De repente um barulho estranho vindo da mesa retira minha concentração. Parecia o zumbir de mil moscas juntas e ao pensar nessa hipótese me distanciei do objetivo em um só salto. O ruído persistia, aos poucos comecei a achar que eram vozes sobrepostas e em uma conversa desorganizada, então resolvi me aproximar.

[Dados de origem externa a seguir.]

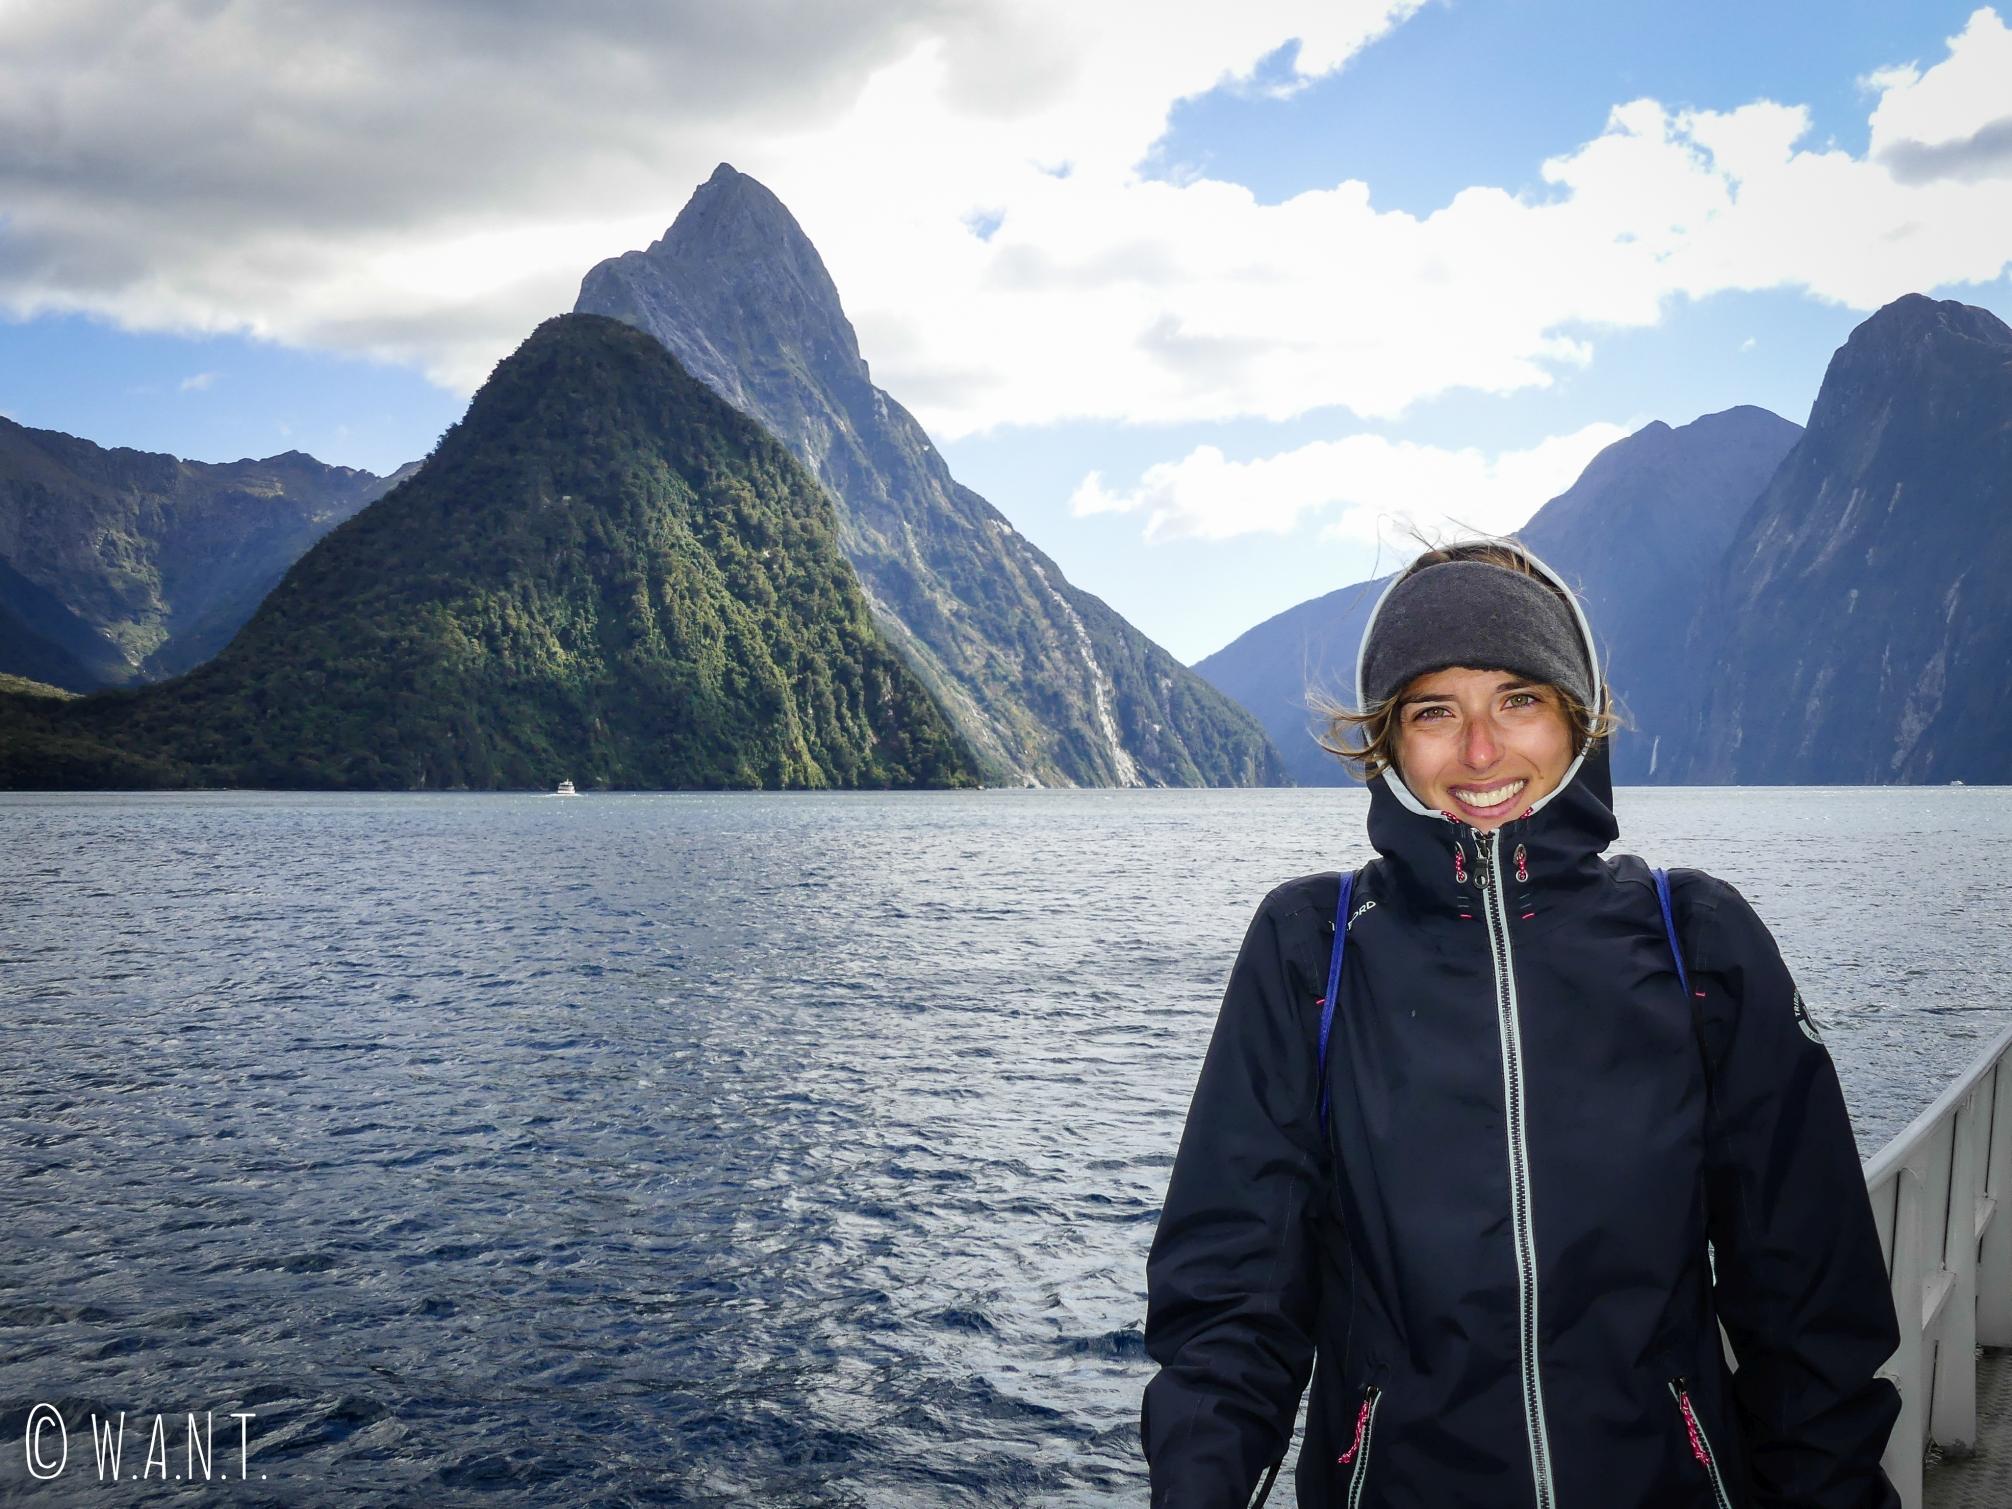 Portrait de Marion devant le Mitre Peak en Nouvelle-Zélande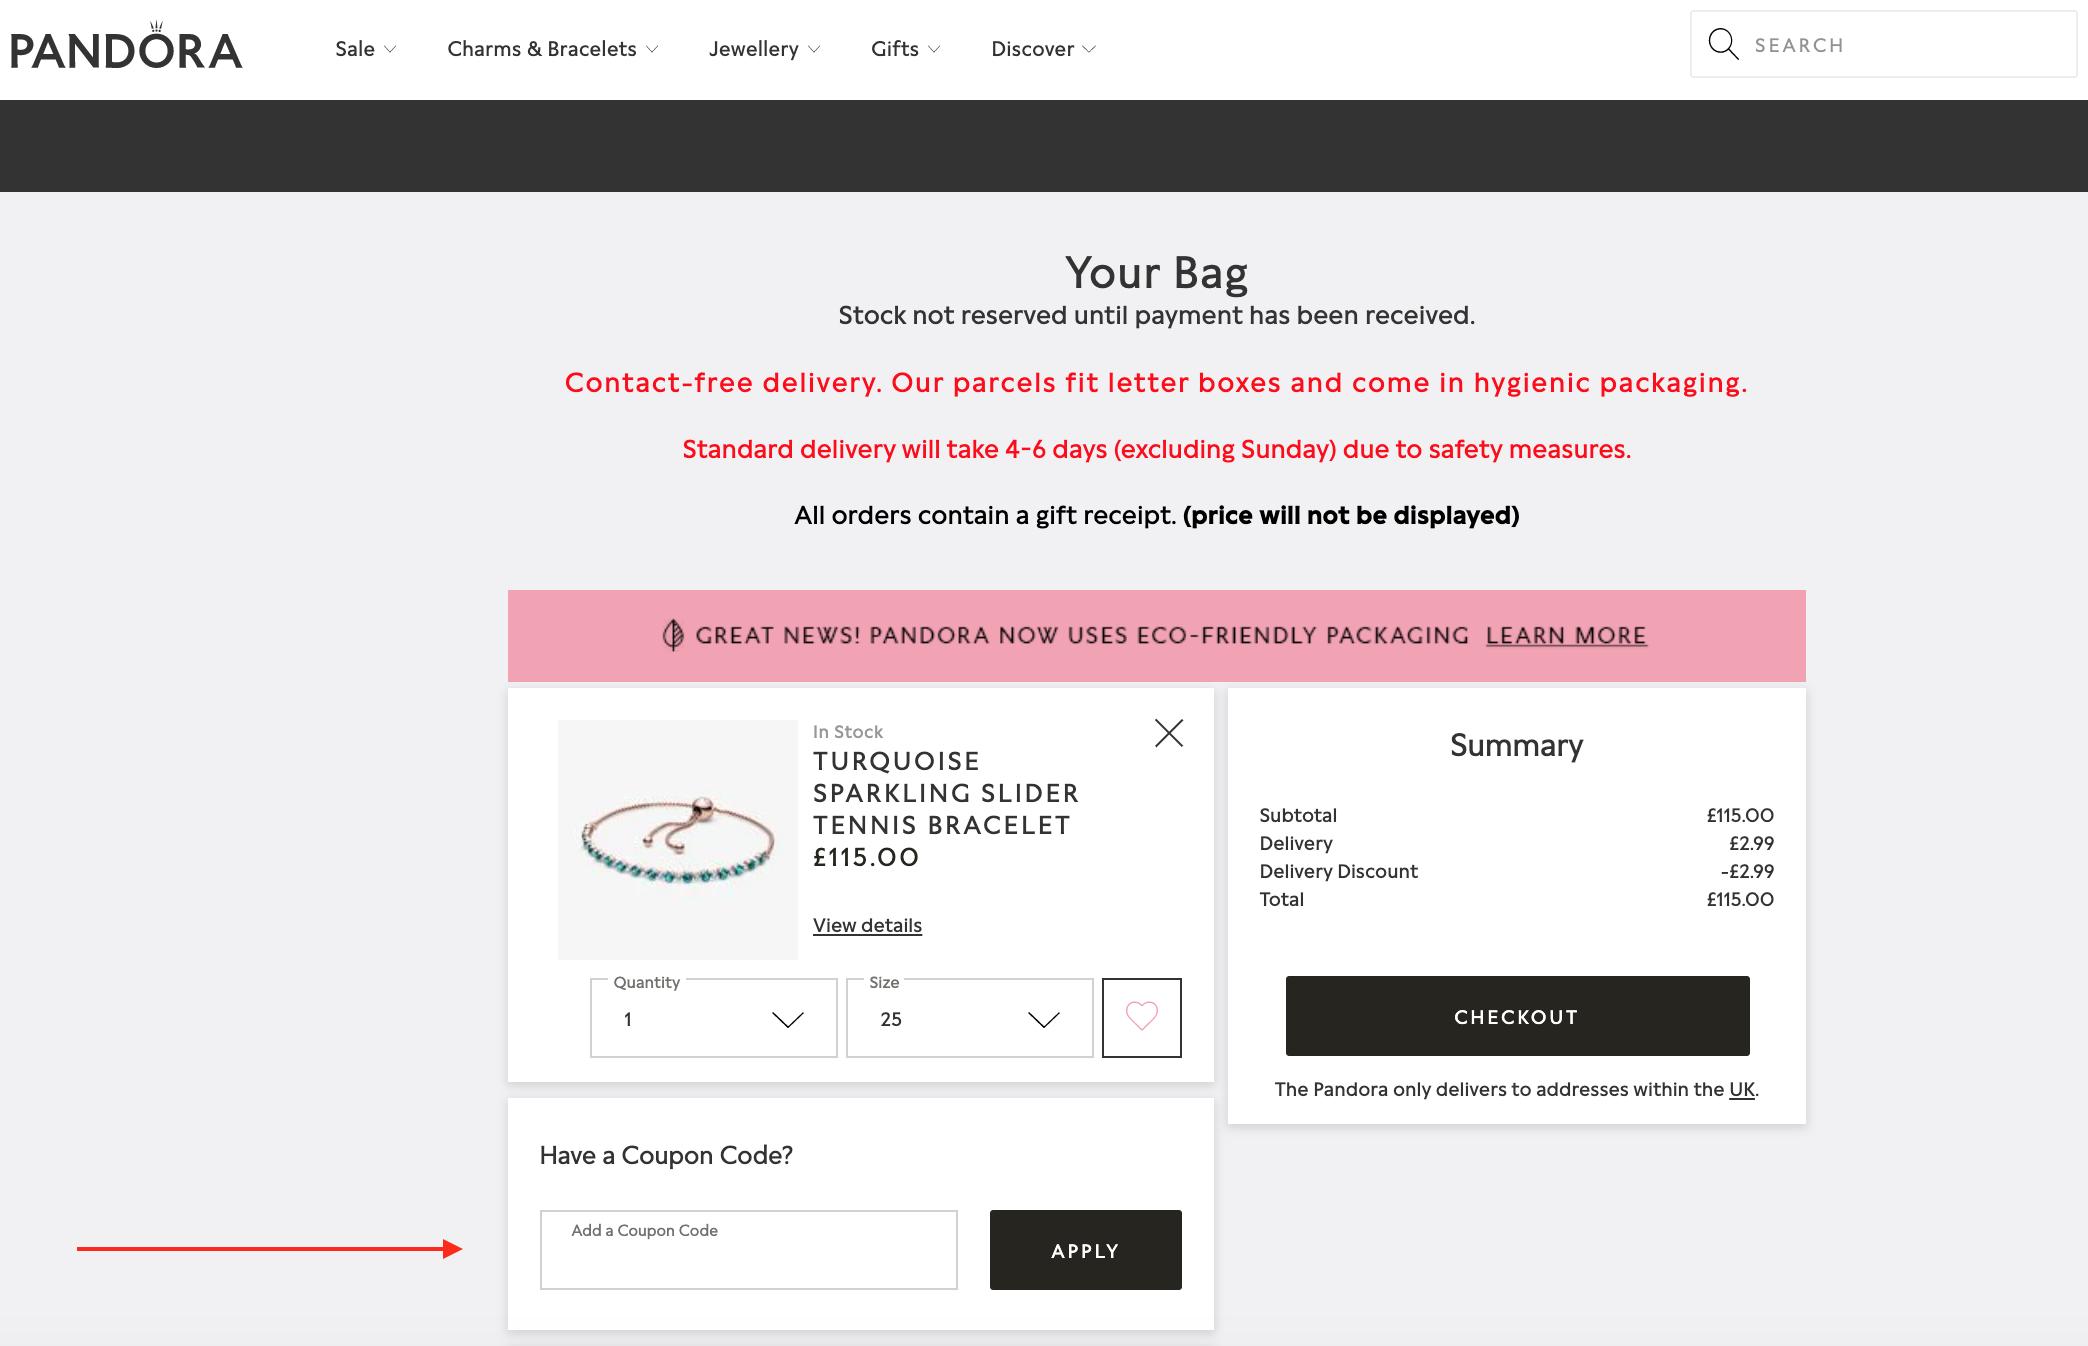 pandora shop voucher-voucher_redemption-how-to

O que vi e ouvi me deixou estático, as páginas da minha edição especial estavam em branco. Na verdade todos os balões de falas e pensamentos estavam lá, mas não havia sequer um personagem para fazê-los ter sentido. Olhei a uns trinta centímetros dali e me deparei com cerca de vinte figuras de um milímetro de espessura cada, com expressão de indignação. Todos se puseram a me olhar como desejando que desaparecesse.
Achei que estava sonhando, mas quando Felizberta, a primeira personagem que criei, cuspiu grafite em minha face vi que se tratava de algo tão verídico quanto grave. Antes que perguntasse o porquê daquilo, ela disse enraivecida:
- Como você pode ver, meu caro criador, estamos aqui reunidos como forma de protesto. E antes que eu pudesse me manifestar, prosseguiu: _ Eu e meus colegas estamos cansados de agir apenas para fazer seu cliente, digo, seu leitor mais alegre, cair em arapucas e entrar em confusão conforme você escreve o roteiro.
Neste instante, Ramiro que era o melhor amigo de Felizberta nas histórias, se pronunciou: - E o que ganhamos em troca? O fato de existir apenas e talvez alguma diversão entre uma história e outra? Nem roupas novas ganhamos, estou desde a primeira edição da revista com este “modelito” cor de mostarda.
Agora era a vez de Chiquita falar: - E que ideia foi essa agora de inventar mais uns dez personagens para contracenar conosco, como se não bastasse os outros fatores ainda temos que lidar com a competição. Neste momento houve discórdia entre os personagens novos e antigos e eu apenas observei.
Estava chateado e irritado com toda aquela algazarra quando um deles gritou: - Estamos em greve por tempo indeterminado! A raiva tomou conta de mim completamente e disse em bom tom sem refletir sobre minhas palavras: - Quem vocês pensam que são? Eu criei vocês, devem a vida a mim. Olhem seus tamanhos e o meu, vêem a diferença? E em seguida com força tentei pegá-los e colá-los nas páginas do cartoon, mas foram mais rápidos que eu se escondendo em diferentes partes do cômodo.
Agora eu podia me desesperar, não tinha minha edição pronta e faltavam poucas horas para o prazo de entrega vencer. Meu patrocinador não acreditaria nessa história. Chegada a hora da entrega, não solucionei o problema então ouvi coisas do tipo: - Quem você pensa que é? Se não fosse por mim mal teria como viver. Olhe sua posição diante da minha. Foram palavras terríveis.
Não sei se por compaixão meus personagens saíram dos esconderijos e disseram: - Nós fizemos greve! Meu superior ficou assustado, achou que estava ficando louco e iniciou-se uma discussão desorganizada entre as três partes até então envolvidas. Foram gritos, ameaças e exigências.
A situação estava tão descontrolada que vazou do meu escritório e de repente uma luz intensa entra transpondo a persiana. Seria Deus? Não, apenas o farol alto de um carro. Um senhor que se apresentou como presidente da associação de cartoonistas desceu e tinha intenção de apaziguar a situação. Calmamente conseguiu atenção de todos, propôs soluções eficientes, estabeleceu novas condições de trabalho e mostrou que não haveria complexidade caso desde o início tivéssemos tomado atitudes pacíficas.
Ficou decretado que trabalharíamos como equipe já que dependemos um dos outros mutuamente, revimos a questão da remuneração e as formas de expor nossas insatisfações sem perder o equilíbrio. Fim da reunião, sorrisos nos rostos, tudo estava solucionado.
O senhor misterioso que promoveu a paz foi embora. Fiquei sabendo mais tarde que não era ele o presidente dos cartoonistas e nunca mais o vi; apenas encontrei um cartão que ele deixara cair com o nome da empresa que trabalhava; algo do tipo: “Céu e companhia Ilimitada, departamento de ajuda ao trabalhador terrestre”.